Het is een zuiver theoretische hamvraag. Labour is hier absoluut niet mee bezig. Integendeel, Labour wil dat het Verenigd Koninkrijk zoveel mogelijk verbonden blijft met de Europese Unie, zonder zijn eigen handelsverdragen af te sluiten. De mogelijke sleutel voor de ontsnapping uit de gouden dwangbuis heeft Labour al op voorhand weg gegeven. De ontsnapping, als die er komt, zal samen met de Europese Unie gebeuren. Tja, als dat de strategie is, blijf dan toch gewoon lid. Is het stopzetten van het vrij verkeer van mensen dan zoveel waard? Dat ruikt naar het soort nationalisme waar ik geen goed woord voor kan vinden.
Geen shocktherapie, wel onderhandelen
Dan blijft nog de vraag of een ontsnapping uit de gouden dwangbuis via de Europese Unie wel kan.
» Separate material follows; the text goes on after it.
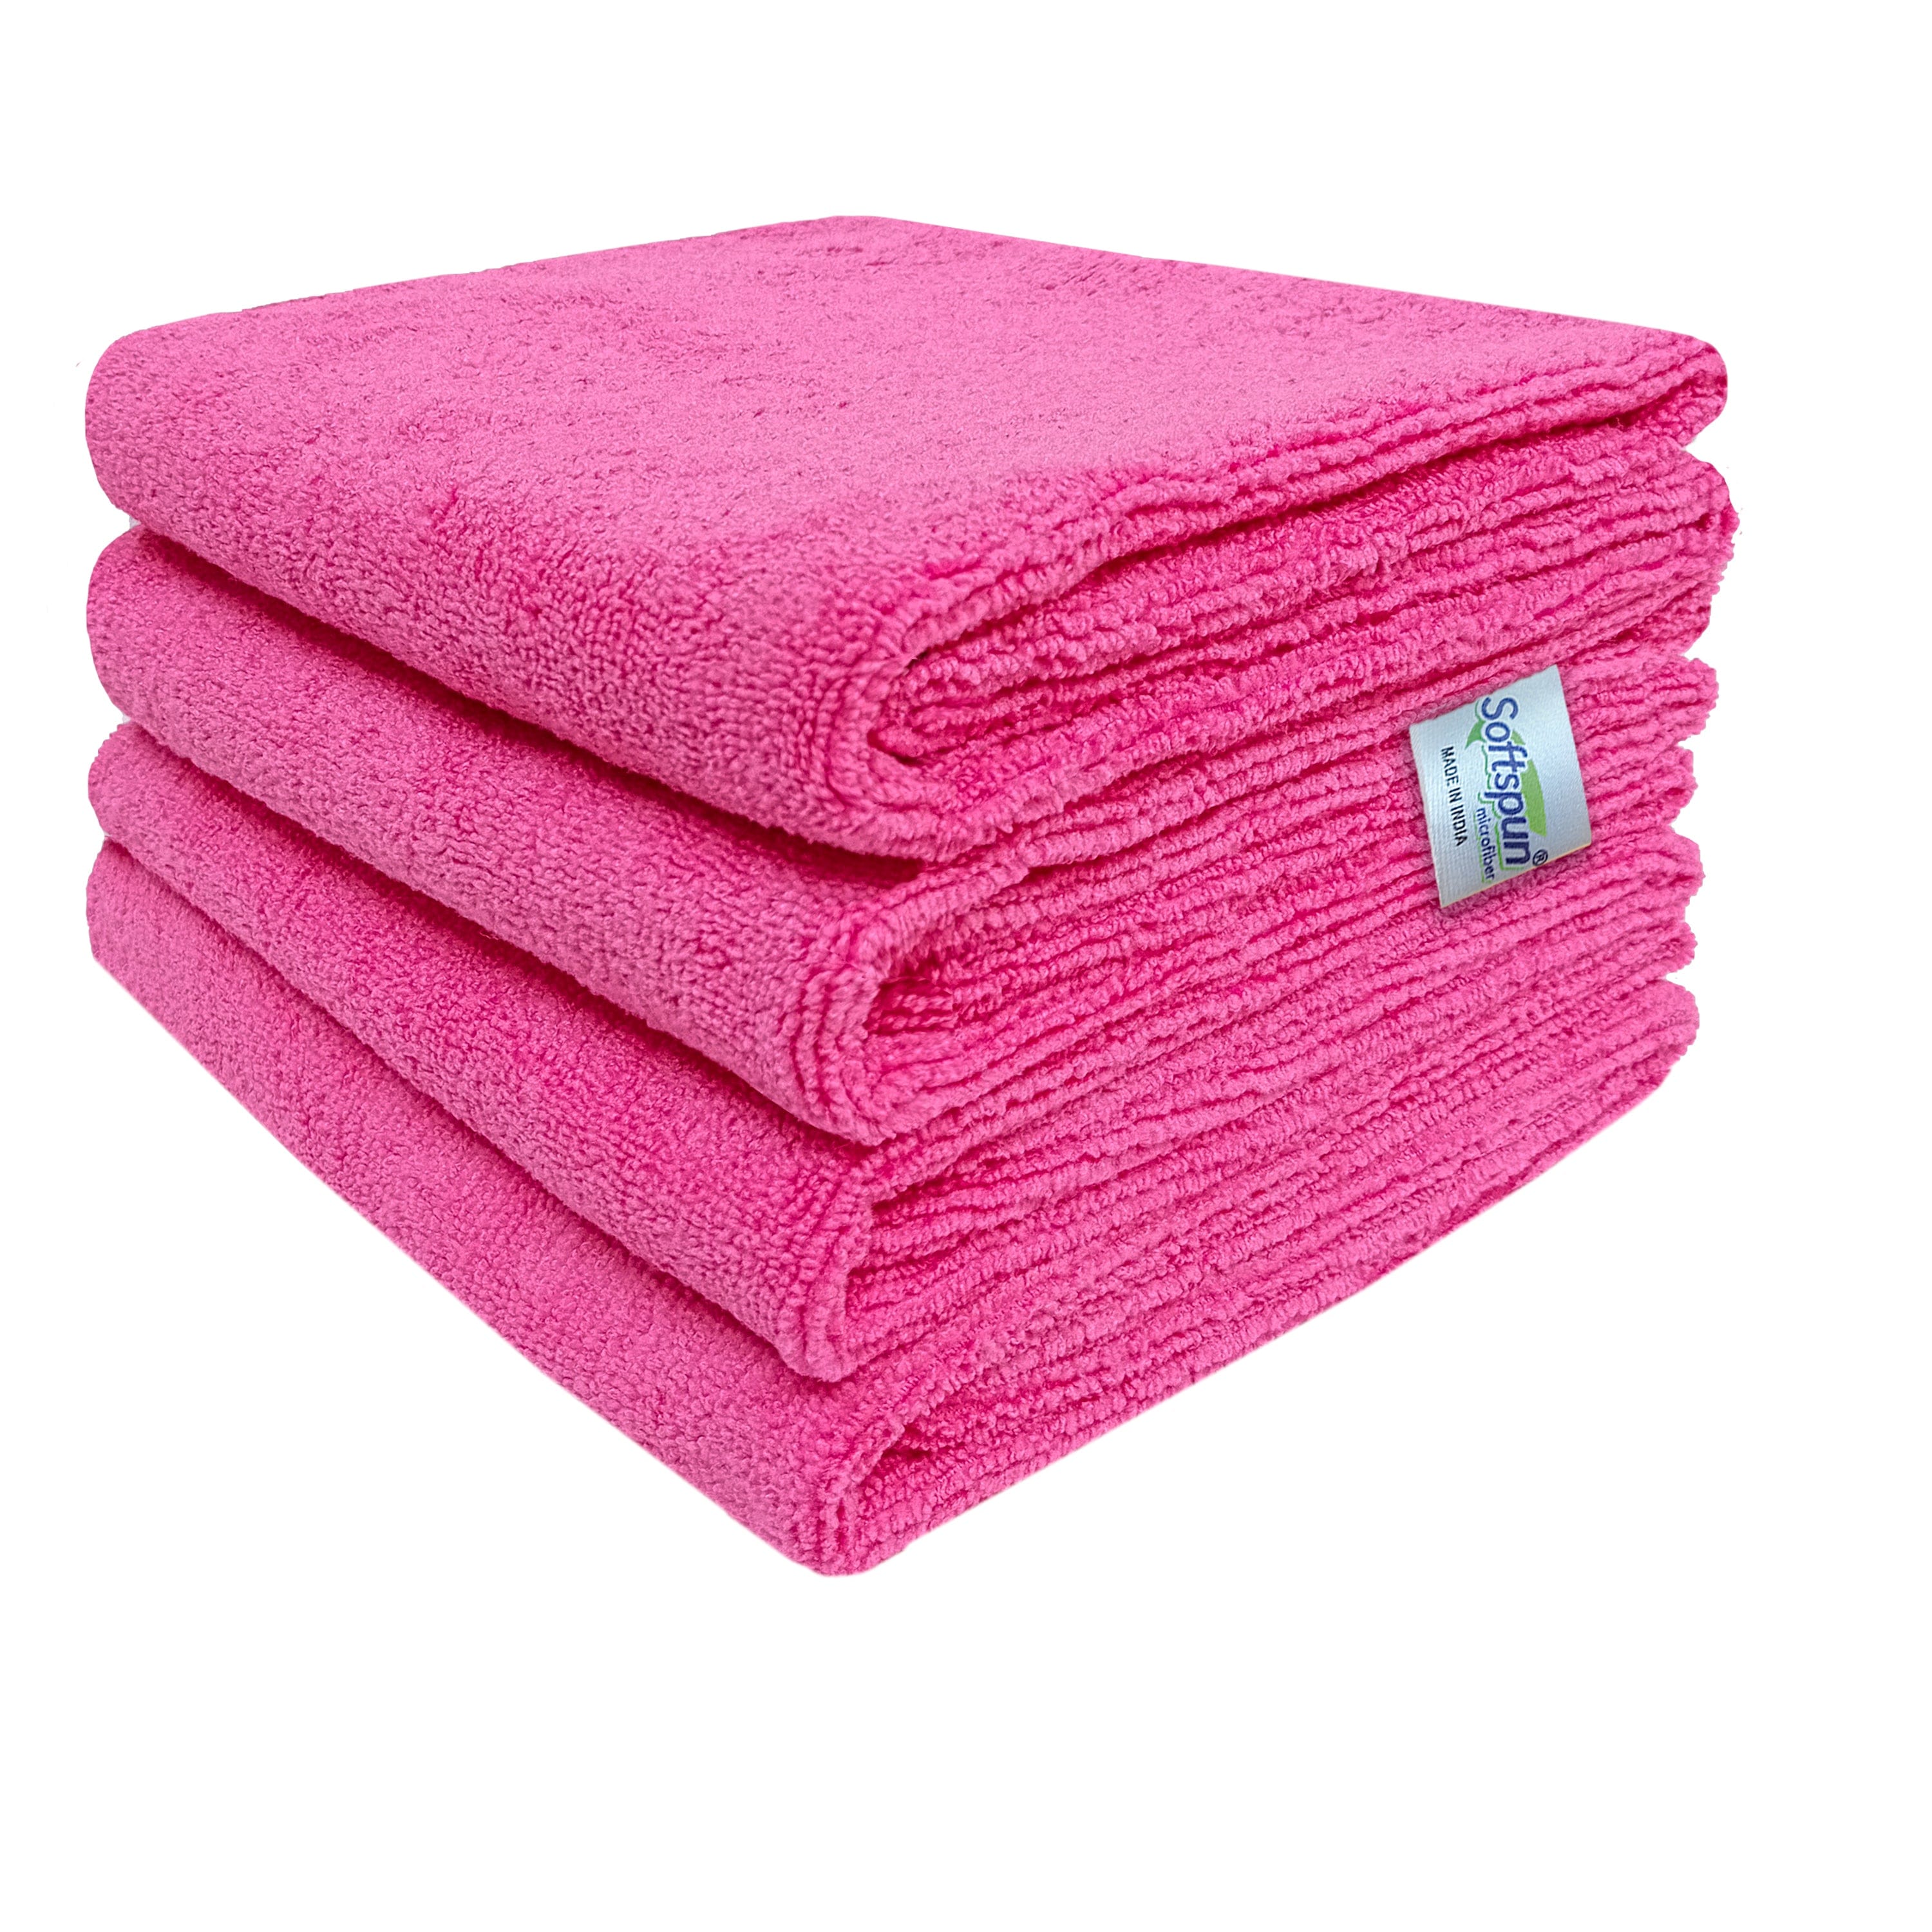 SOFTSPUN Microfiber Towel Pink - 340 GSM Thick 100int & Streak-Free Multipurpose Cloth

Want ook de economie van de Europese Unie zou een stevige dreun krijgen, werkgelegenheid verliezen, prijzen zien stijgen, als we samen grenzen zouden optrekken tegen ‘goedkope import uit het buitenland’. Ook de Europese Unie zou 10 jaar of langer moeten volhouden, vooraleer ‘binnenlandse’ of ‘binnen-Europese’ productie de markt overneemt van ‘buiten-Europese’ producten, en evenveel tewerkstelling biedt. Met het politiek systeem dat we momenteel hebben – dat consensus vraagt voor het soort beslissingen die voor een ontsnappingspoging nodig zijn – lijkt dat een bijzonder utopische gedachte.
Het grote voordeel van een dergelijke politiek als Europese Unie, eerder dan land per land, is dat de dreun een stuk zachter zou zijn, want de interne markt veel groter. Bovendien geloof ik niet dat dit soort snelle ontsnapping er ooit komt. Realistischer is een combinatie van mondiale sociale integratie – minimumnormen die alle landen moeten volgen op het vlak van belastingheffing en sociaal beleid – en voor de landen die niet willen meedoen handelsdrempels die langzaam worden opgebouwd. Dat zal allemaal moeten worden onderhandeld, en als partner in een onderhandeling is de Europese Unie een stuk sterker dan het Verenigd Koninkrijk. Of de Europese Unie daarmee bezig is, dat is dan weer een andere vraag.